> [EXERCISE DIRECTIONS]: Give back the exact lines of the material below from the one containing "Frank Mason throwing" through the one containing "MIRA Home - Parasol", and no pictures.

> [DATA EXTRACTS]:

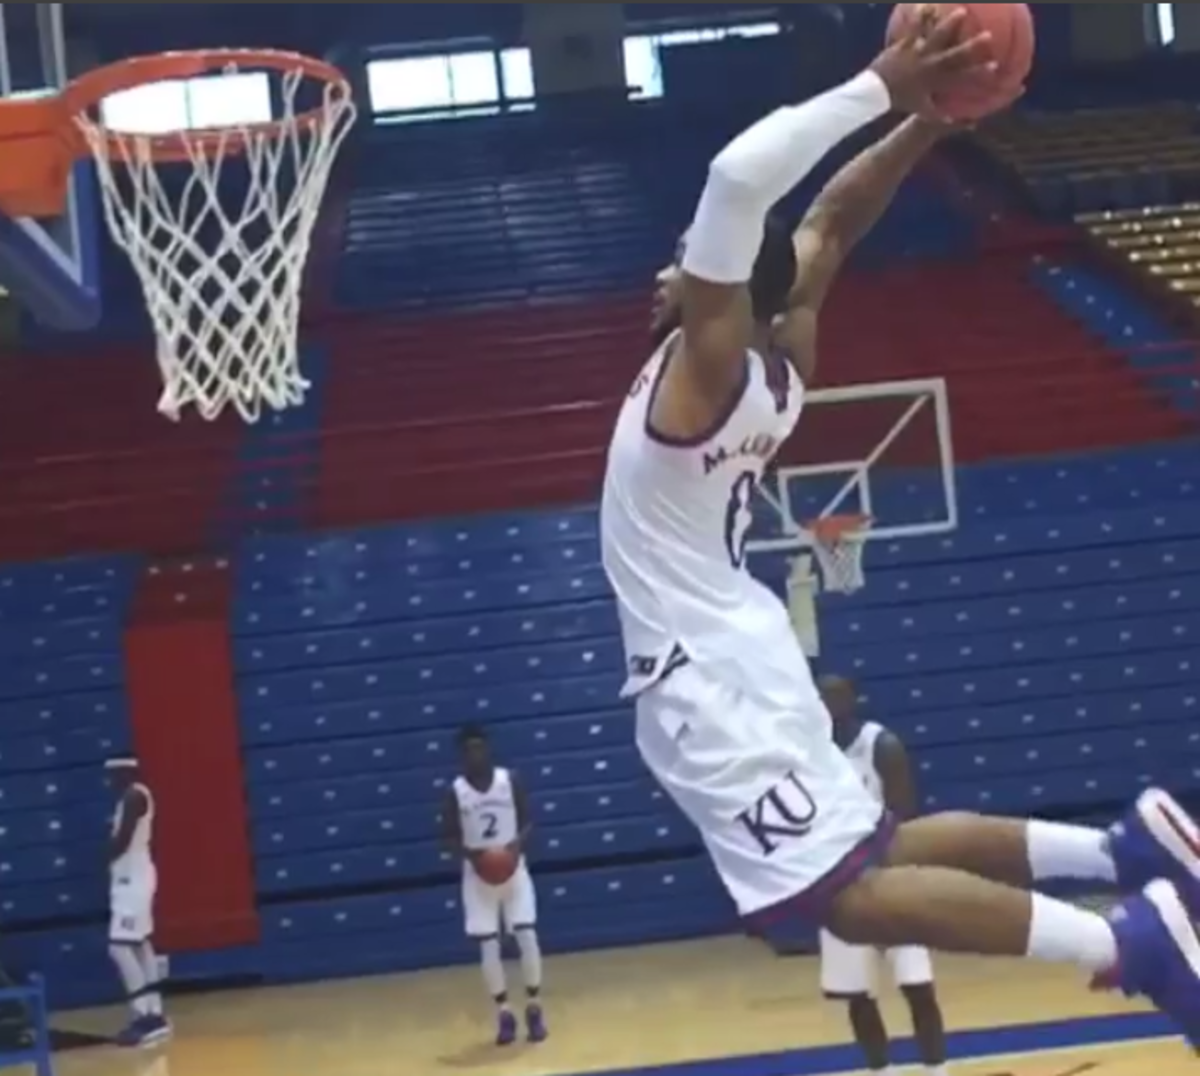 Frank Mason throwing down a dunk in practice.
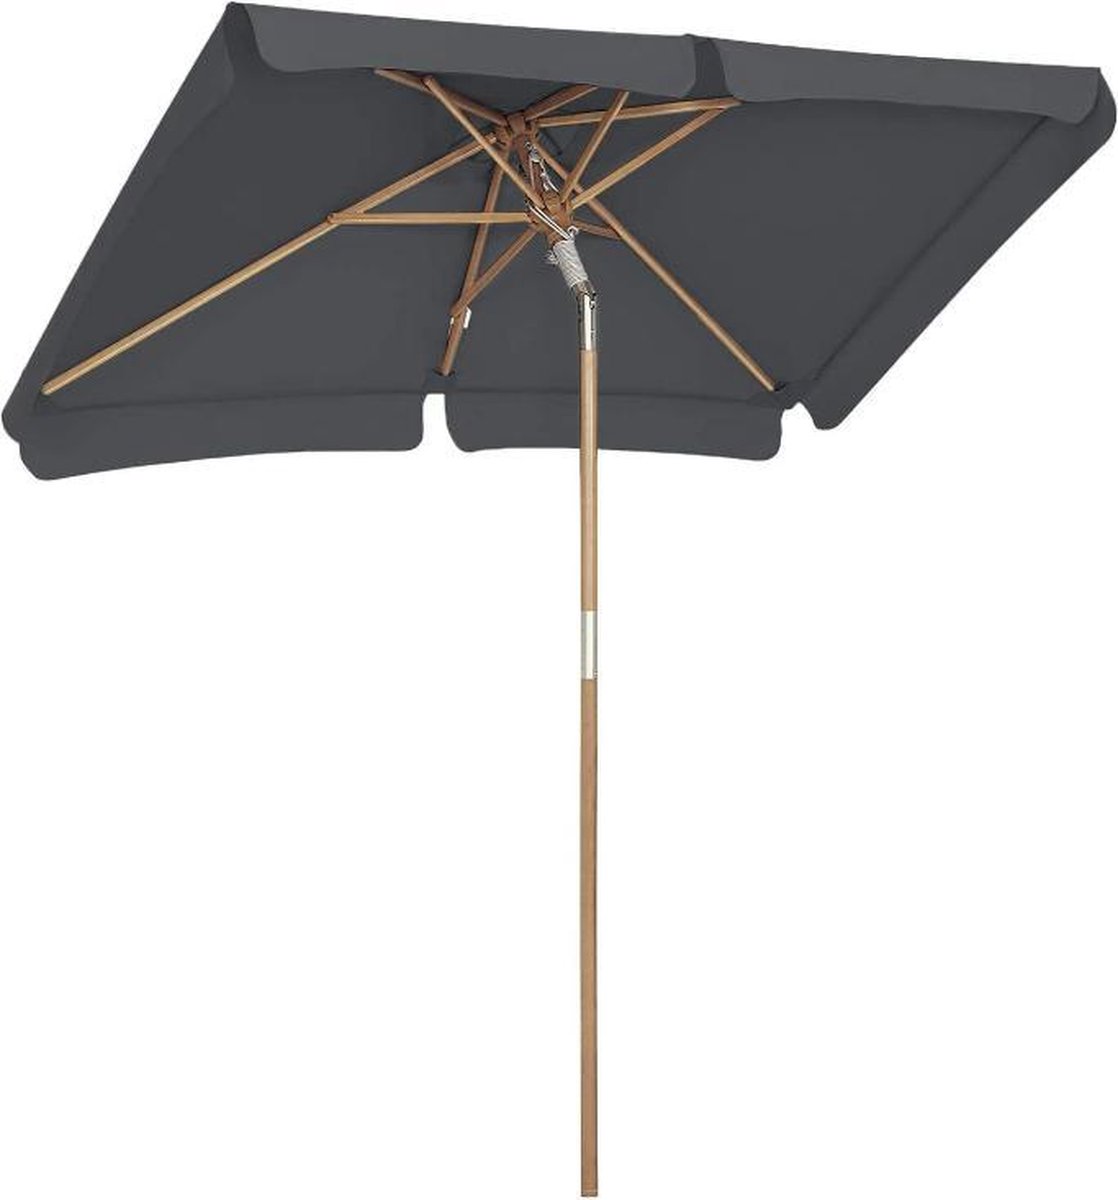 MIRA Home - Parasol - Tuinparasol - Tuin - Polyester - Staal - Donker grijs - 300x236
...
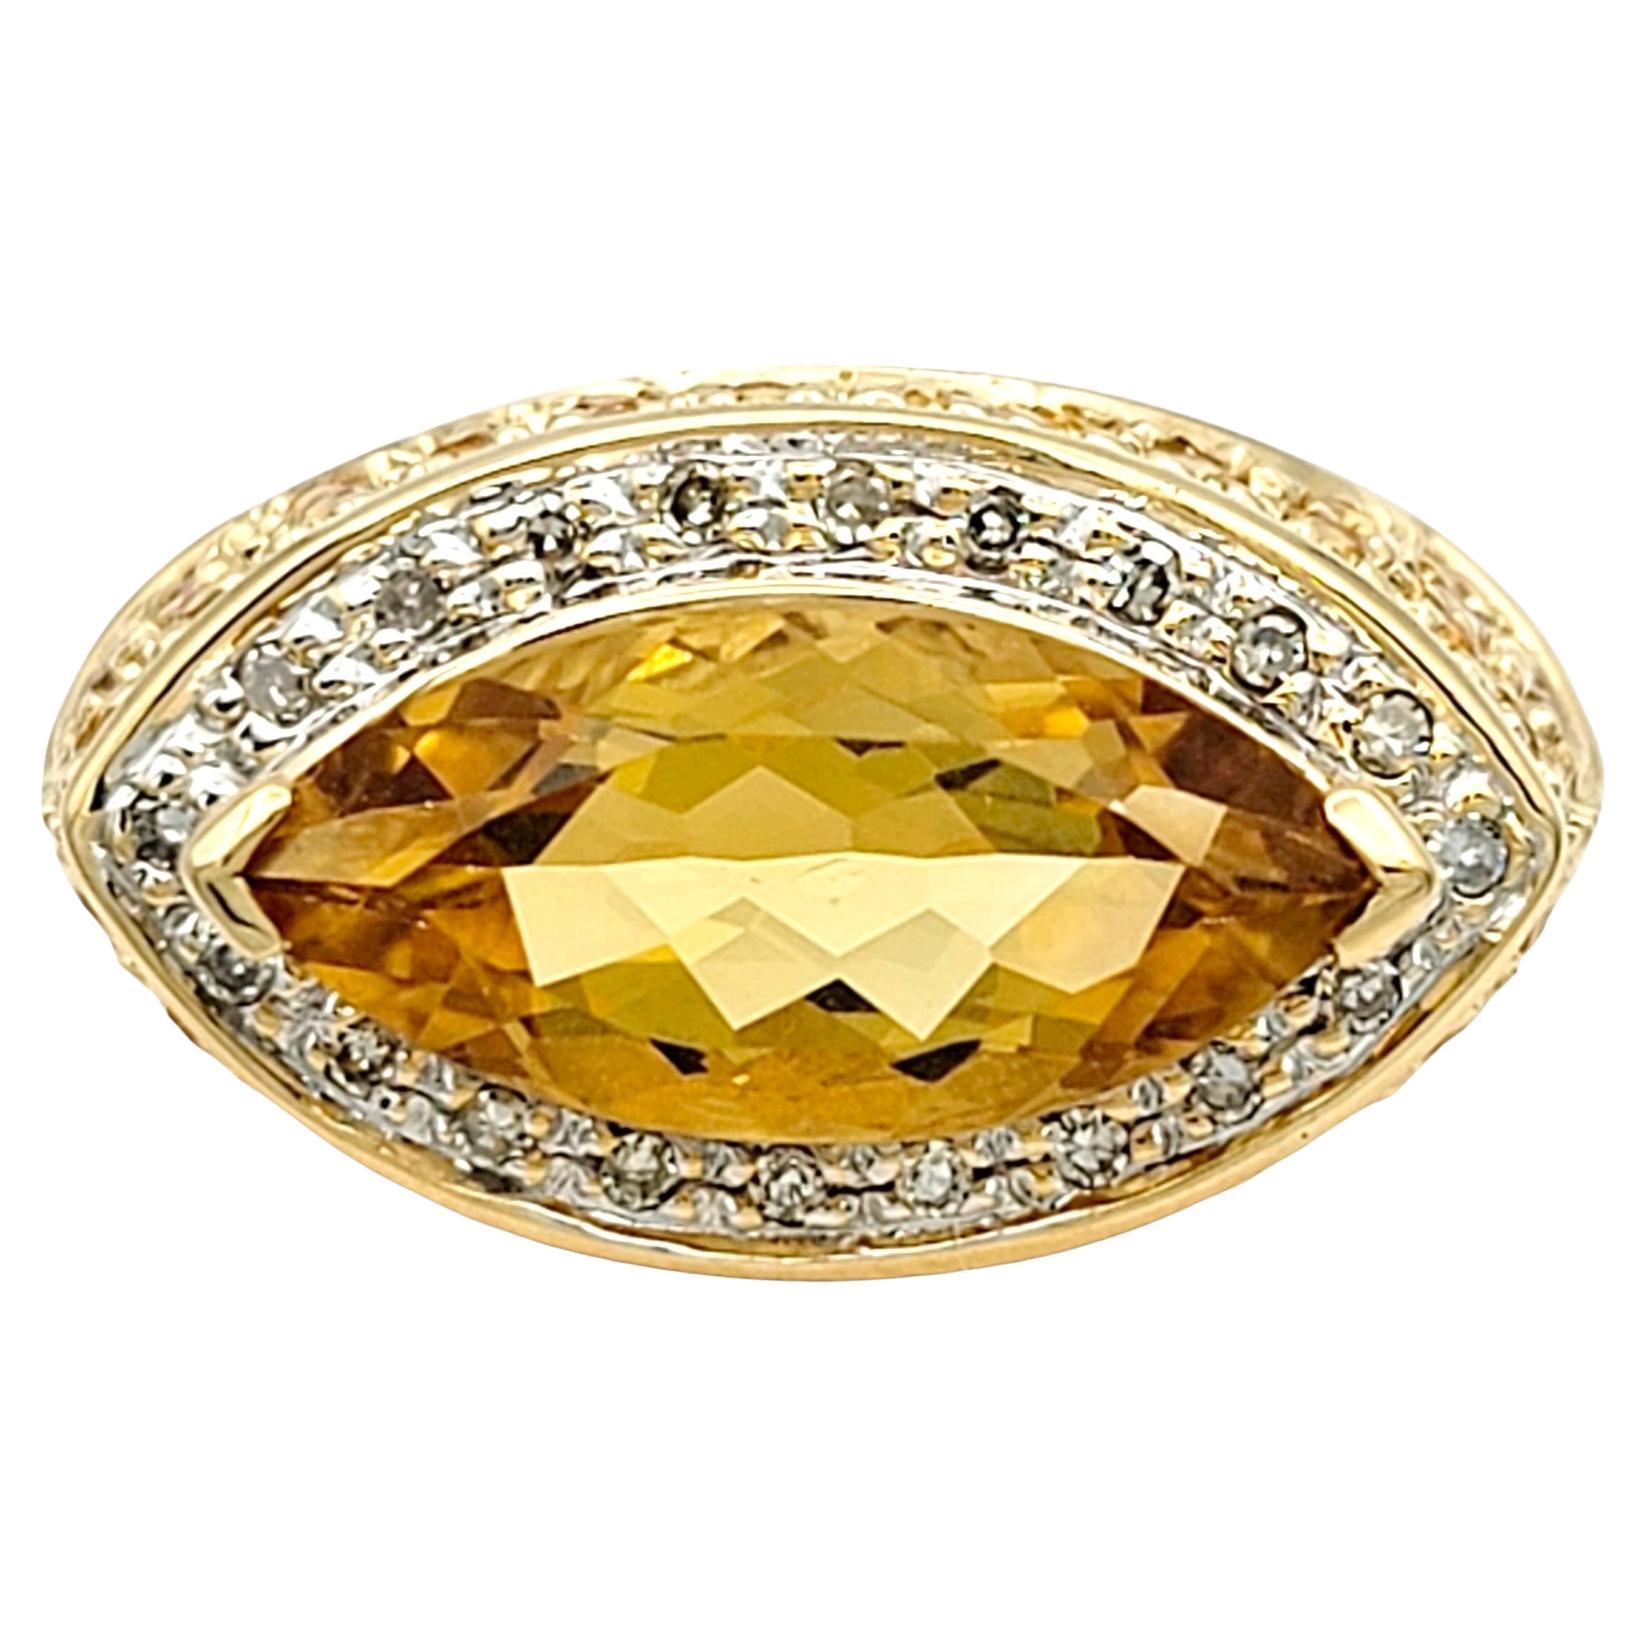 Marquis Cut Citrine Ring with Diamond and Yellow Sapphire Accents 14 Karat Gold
--
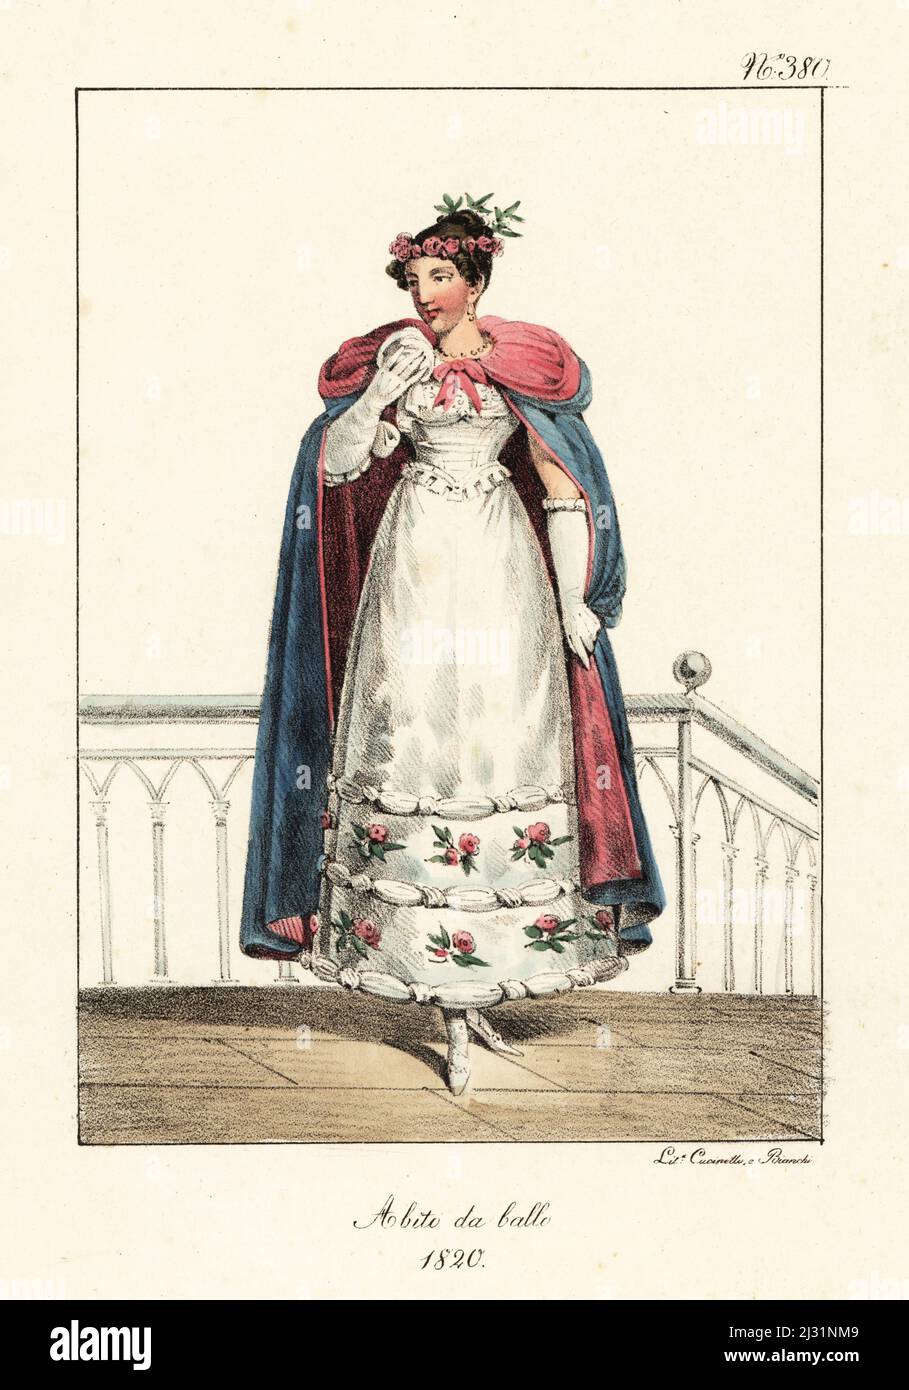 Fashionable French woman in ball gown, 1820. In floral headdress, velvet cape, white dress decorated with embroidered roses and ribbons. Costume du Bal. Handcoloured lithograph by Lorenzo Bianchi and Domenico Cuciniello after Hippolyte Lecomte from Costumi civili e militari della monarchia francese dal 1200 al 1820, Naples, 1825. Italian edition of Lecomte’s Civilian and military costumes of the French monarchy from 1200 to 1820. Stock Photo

> [REPLY]:
 Frank Mason throwing down a dunk in practice.
 MIRA Home - Parasol - Tuinparasol - Tuin - Polyester - Staal - Donker grijs - 300x236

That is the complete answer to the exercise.